The notion of escapism is even more relevant today with the advent of online video games, 3D movies and home theaters. The masses, constantly seeking state-of-the-art entertainment, will resort to high-budget products that can only be produced by the biggest media corporations of the world. These products contain carefully calculated messages and symbols which are nothing more and nothing less than entertaining propaganda. The public has been trained to LOVE its propaganda to the extent that it spends its hard-earned money to be exposed to it. Propaganda (used in a political, cultural, and commercial sense) is no longer the coercive or authoritative communication form found in dictatorships: it has become the synonym of entertainment and pleasure.
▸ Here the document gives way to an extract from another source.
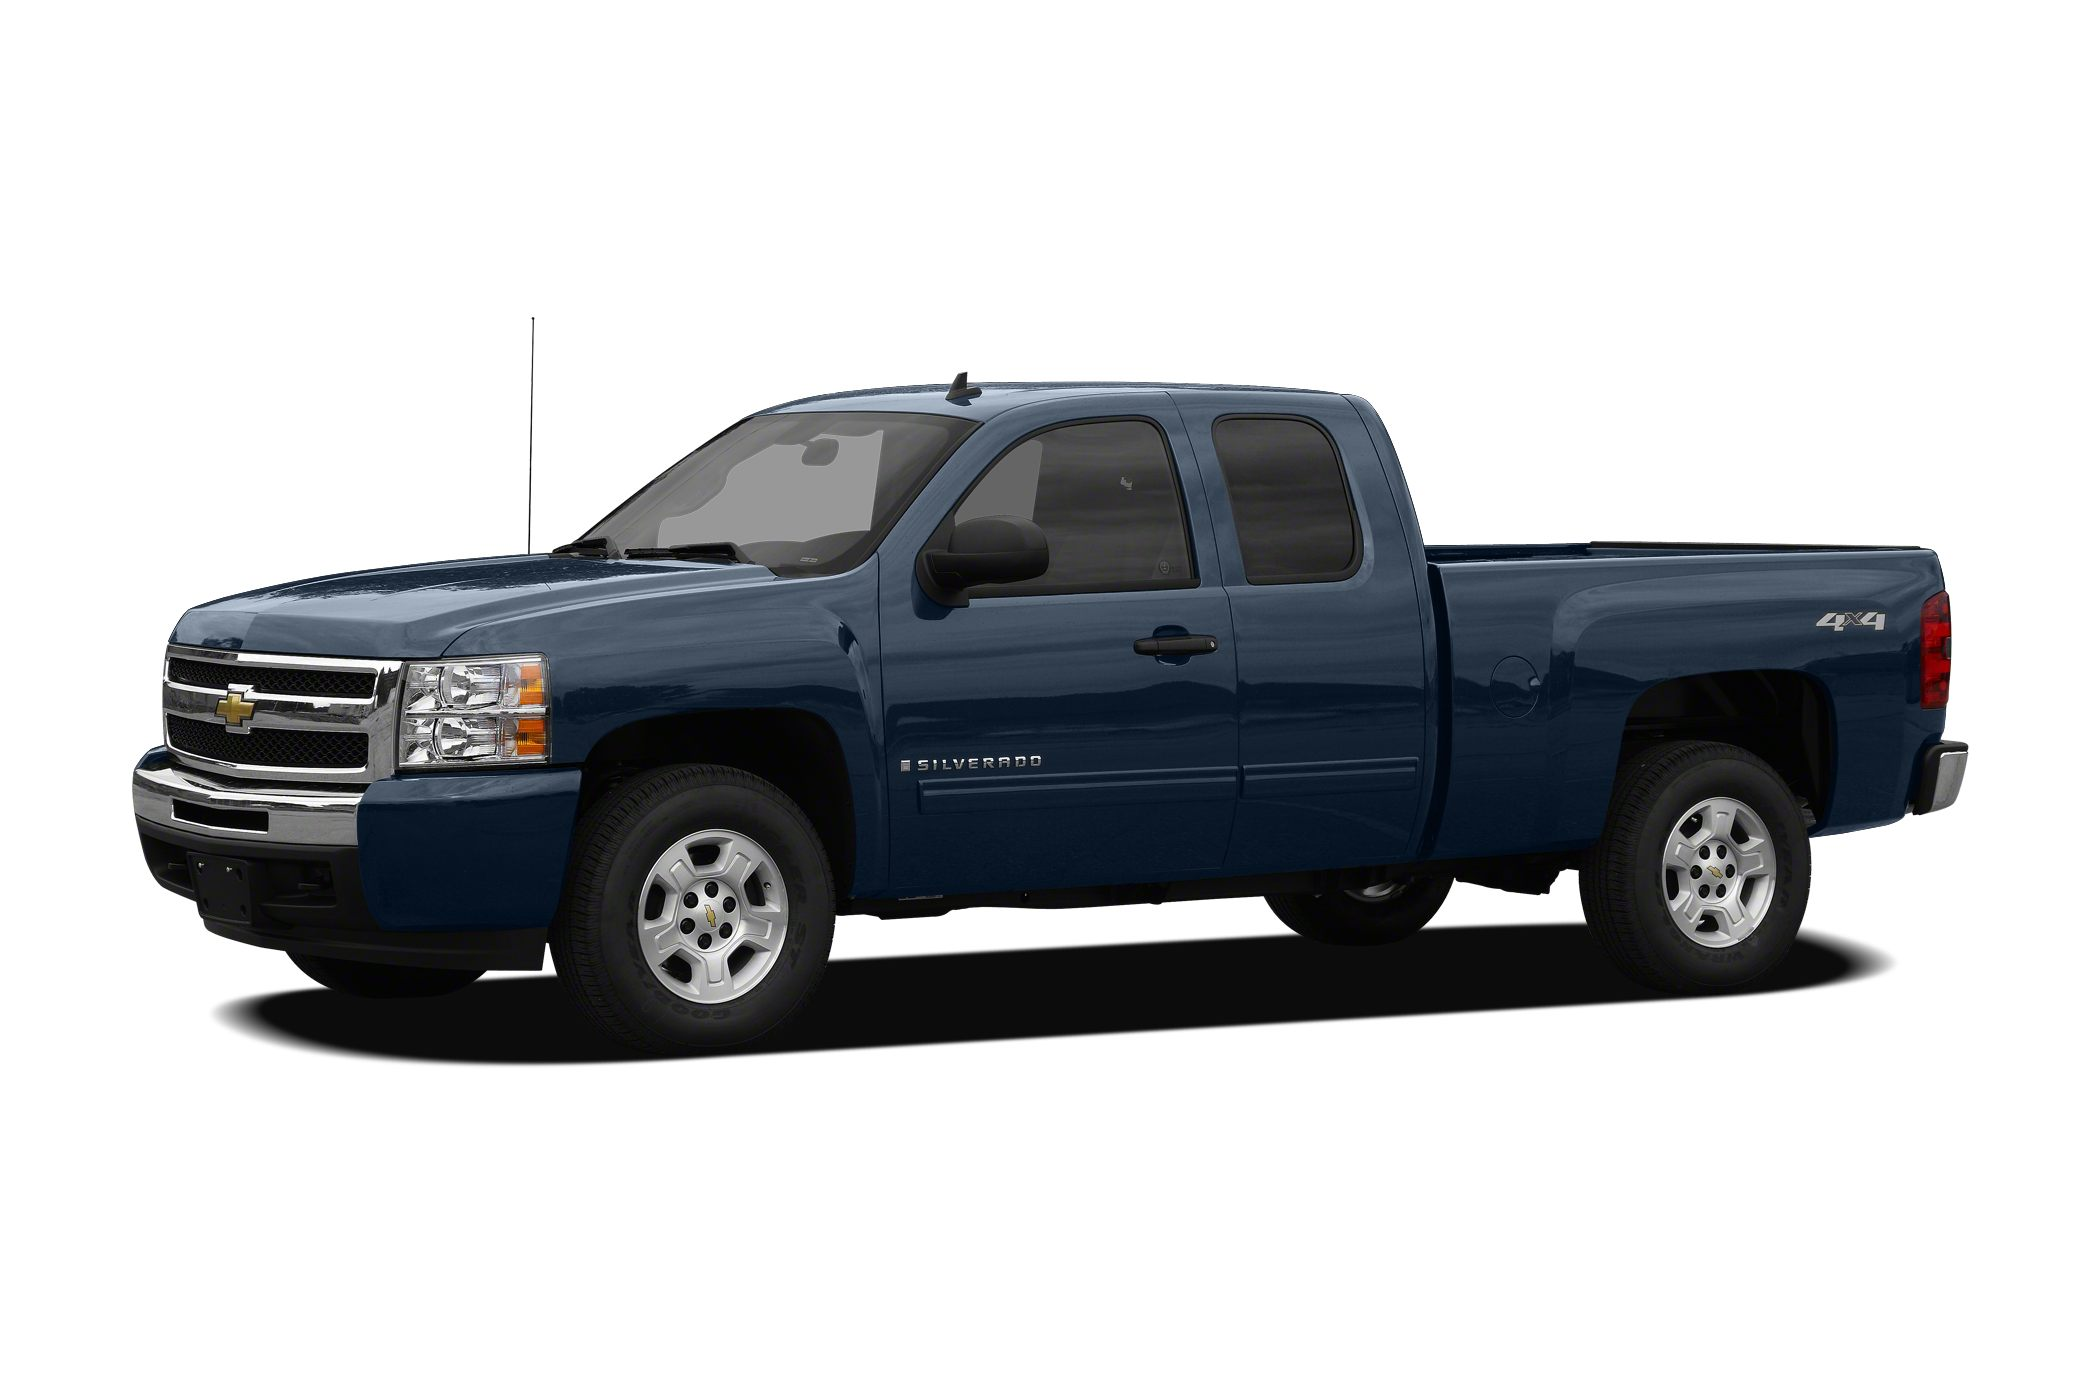 2011 Chevrolet Silverado 1500 Lt 4x4 Extended Cab 8 Ft Box 157 5

A single piece of media often does not have a lasting effect on the human psyche. Mass media, however, by its omnipresent nature, creates a living environment we evolve in on a daily basis. It defines the norm and excludes the undesirable. The same way carriage horses wear blinders so they can only see what is right in front of them, the masses can only see where they are supposed to go.

Manipulation Techniques

The drive to sell products and ideas to the masses has lead to an unprecedented amount of research on human behavior and on the human psyche. Cognitive sciences, psychology, sociology, semiotics, linguistics, and other related fields were and still are extensively researched through well-funded studies.
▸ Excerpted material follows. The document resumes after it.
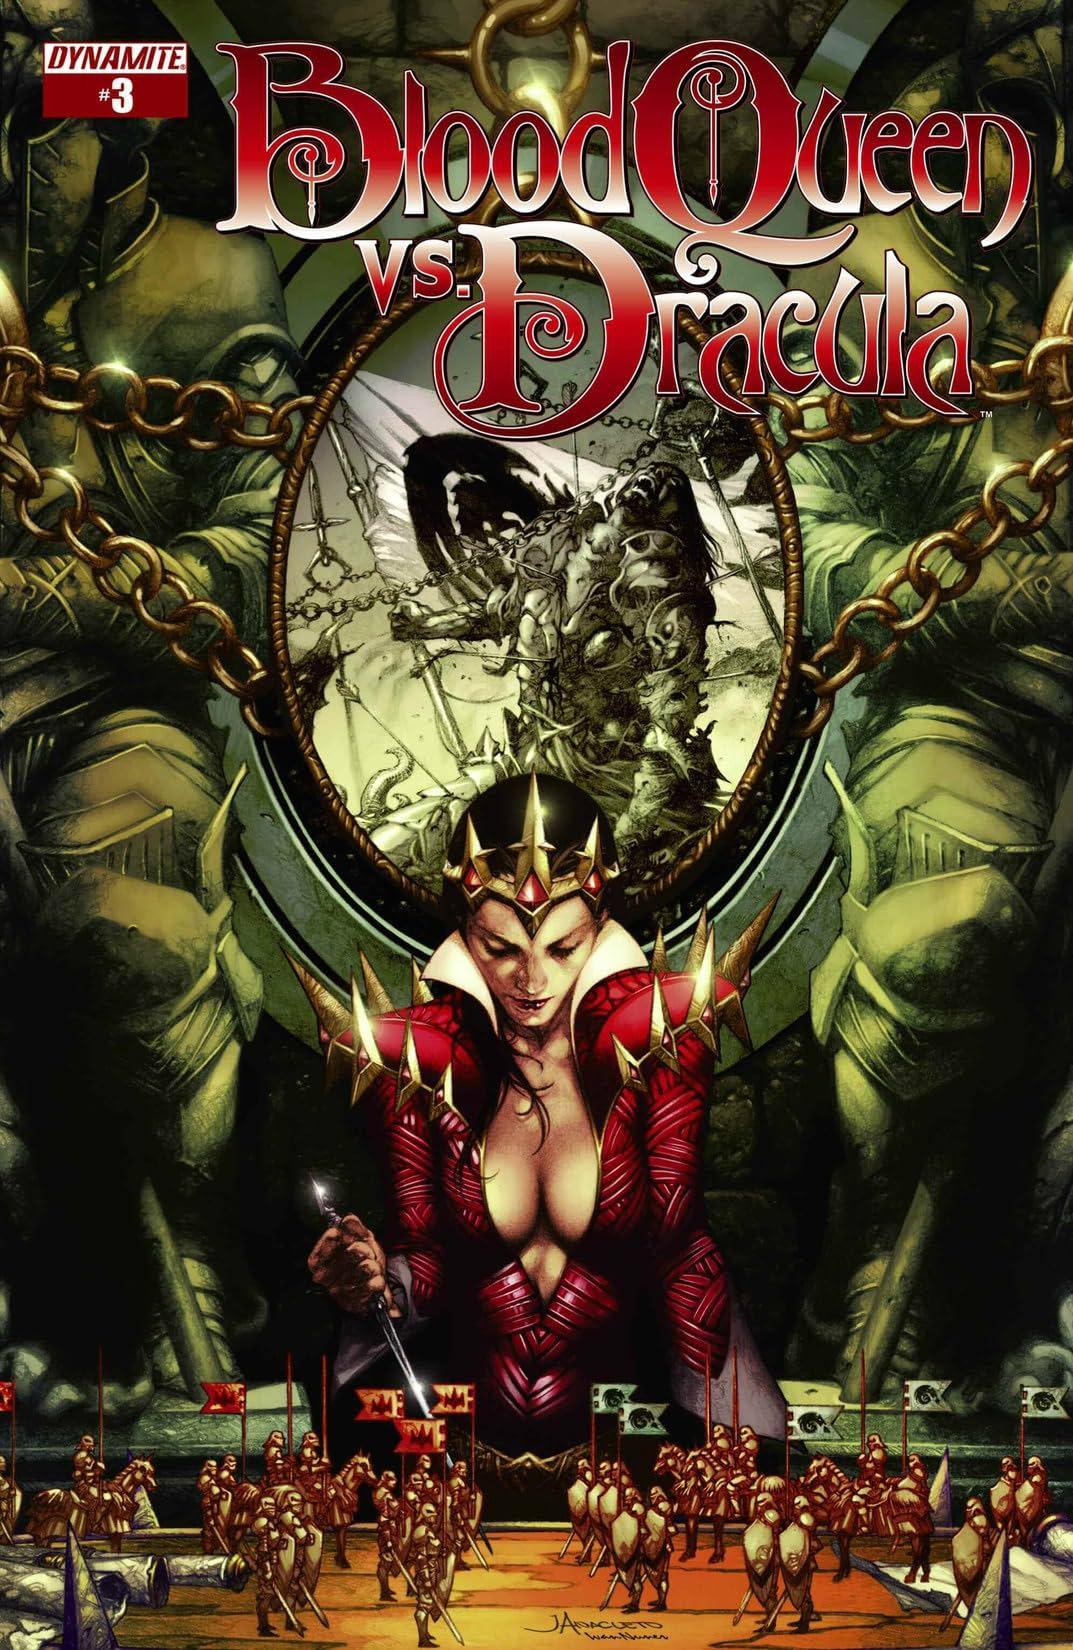 Blood Queen vs. Dracula #3 (of 4): Digital Exclusive Edition

The results of those studies are applied to advertisements, movies, music videos and other media in order to make them as influential as possible. The art of marketing is highly calculated and scientific because it must reach both the individual and the collective consciousness. In high-budget cultural products, a video is never "just a video".
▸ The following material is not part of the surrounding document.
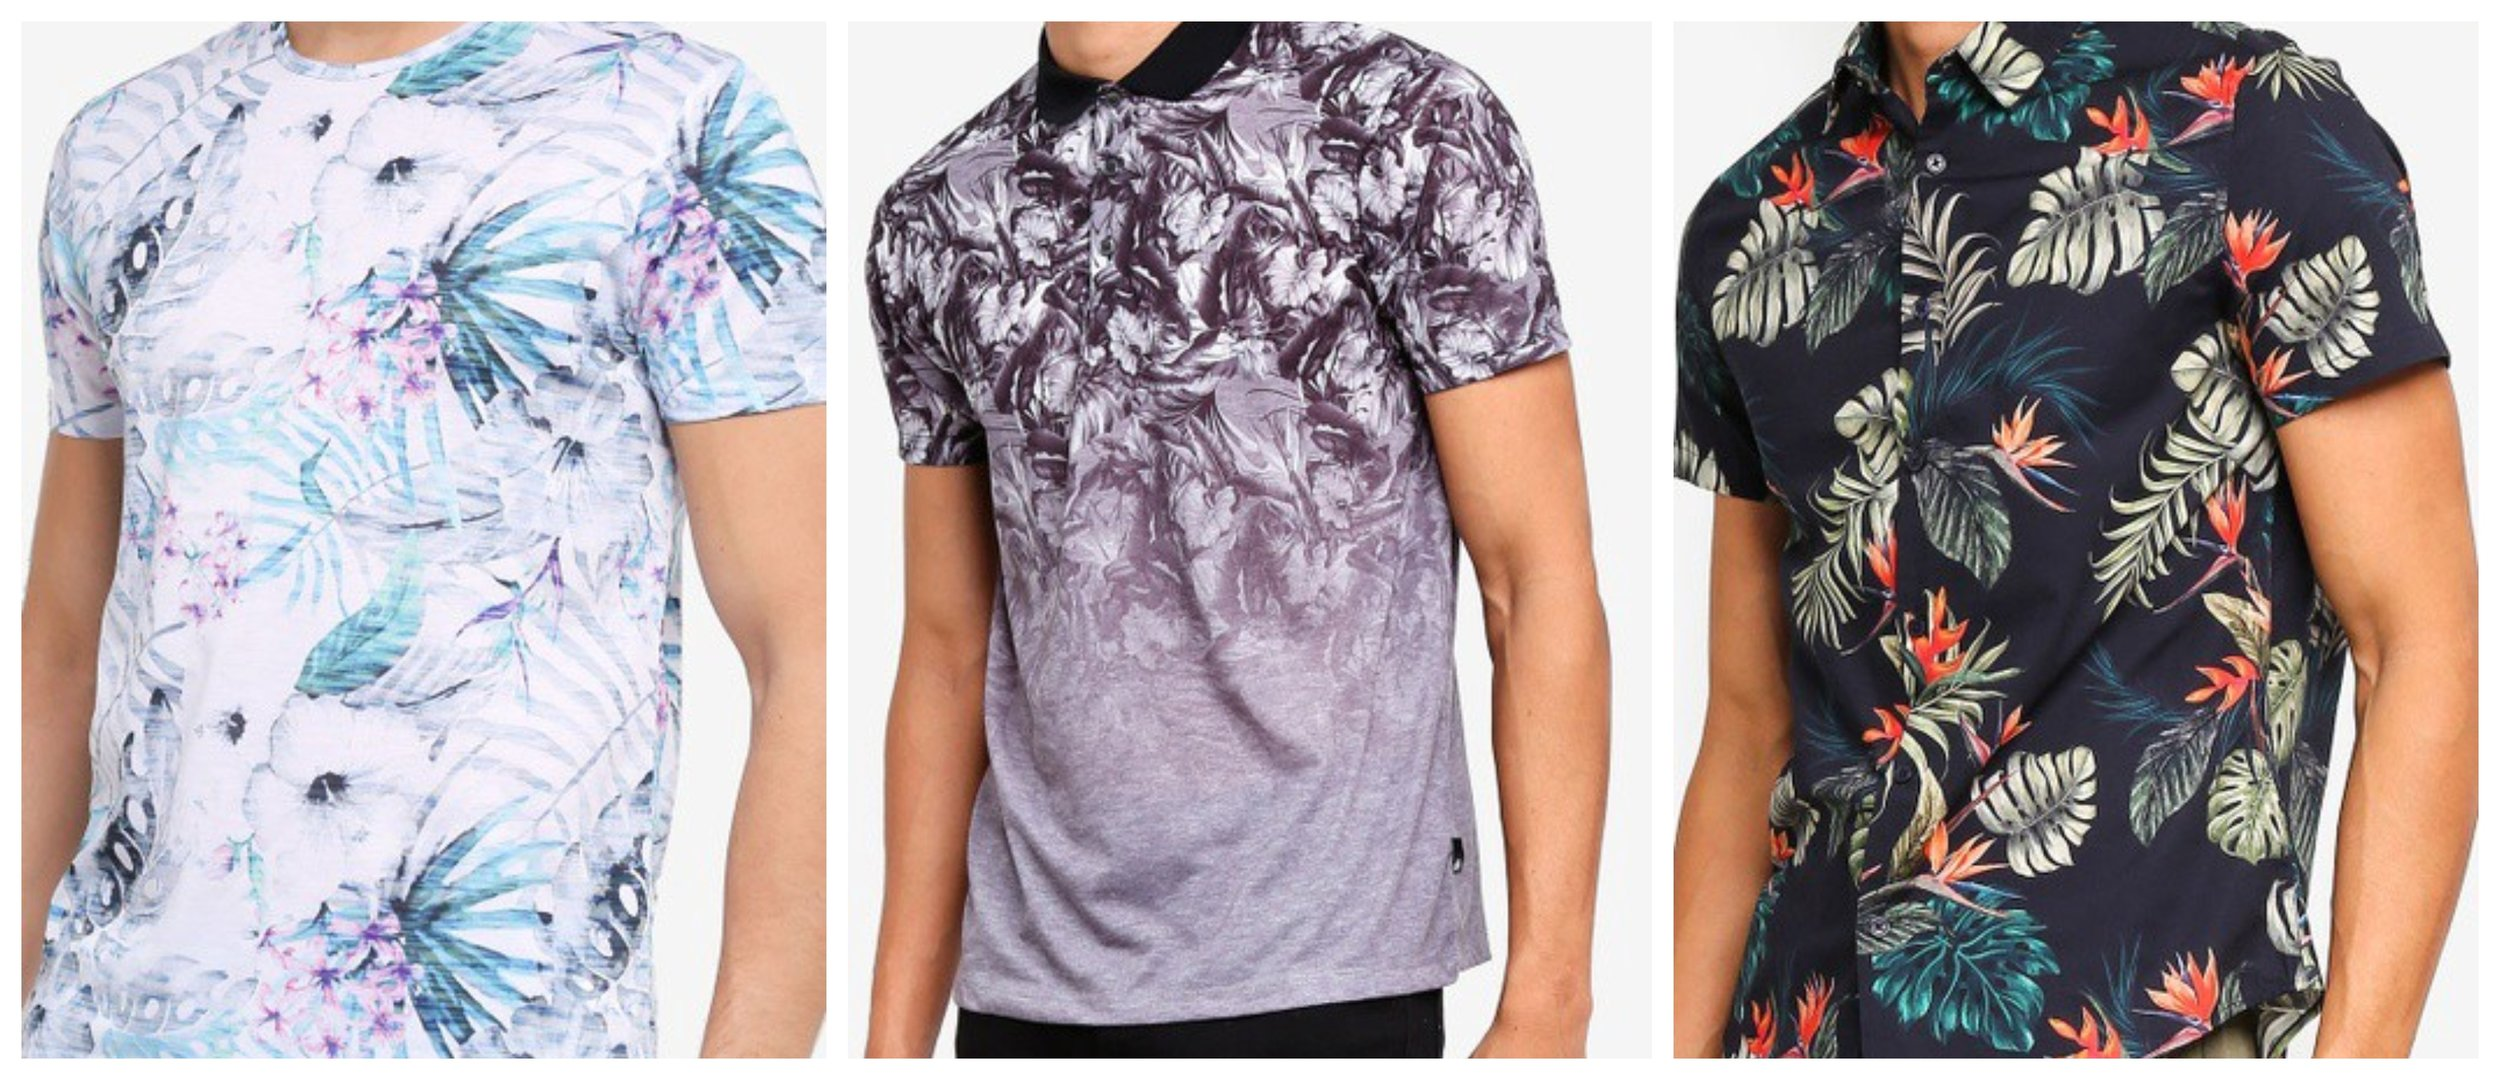 Pink And Aqua Floral All-Over Print T-Shirt   Charcoal Monochrome Floral Fade Polo Shirt   Black Short Sleeve Maui Print Shirt

Images, symbols and meanings are strategically placed in order to generate the desired effect.

Desensitization

In the past, when changes were imposed on populations, they would take to the streets, protest and even riot. The main reason for this clash was due to the fact that the change was clearly announced by the rulers and understood by the population. It was sudden and its effects could clearly be analyzed and evaluated. Today, when the elite needs a part of the agenda to be accepted by the public, it is done through desensitization. The agenda, which might go against the public best interests, is slowly, gradually, and repetitively introduced to the world through movies (by involving it within the plot), music videos (which make it cool and sexy) and the news (which presents it as "a solution" to today’s problems). After several years of exposing the masses to a particular agenda, the elite openly presents the concept to the world and, due to mental programming, it is greeted with general indifference and is passively accepted.

Predictive programming is often found in the science fiction genre. It presents a specific image of the future – the one that is desired by the elite – and ultimately becomes in the minds of men an inevitability. A decade ago, the public was being desensitized to war against the Arab world.

Today, the population is gradually being exposed to the existence of mind control, transhumanism, and an Illuminati elite. Emerging from the shadows, those concepts are now everywhere in popular culture.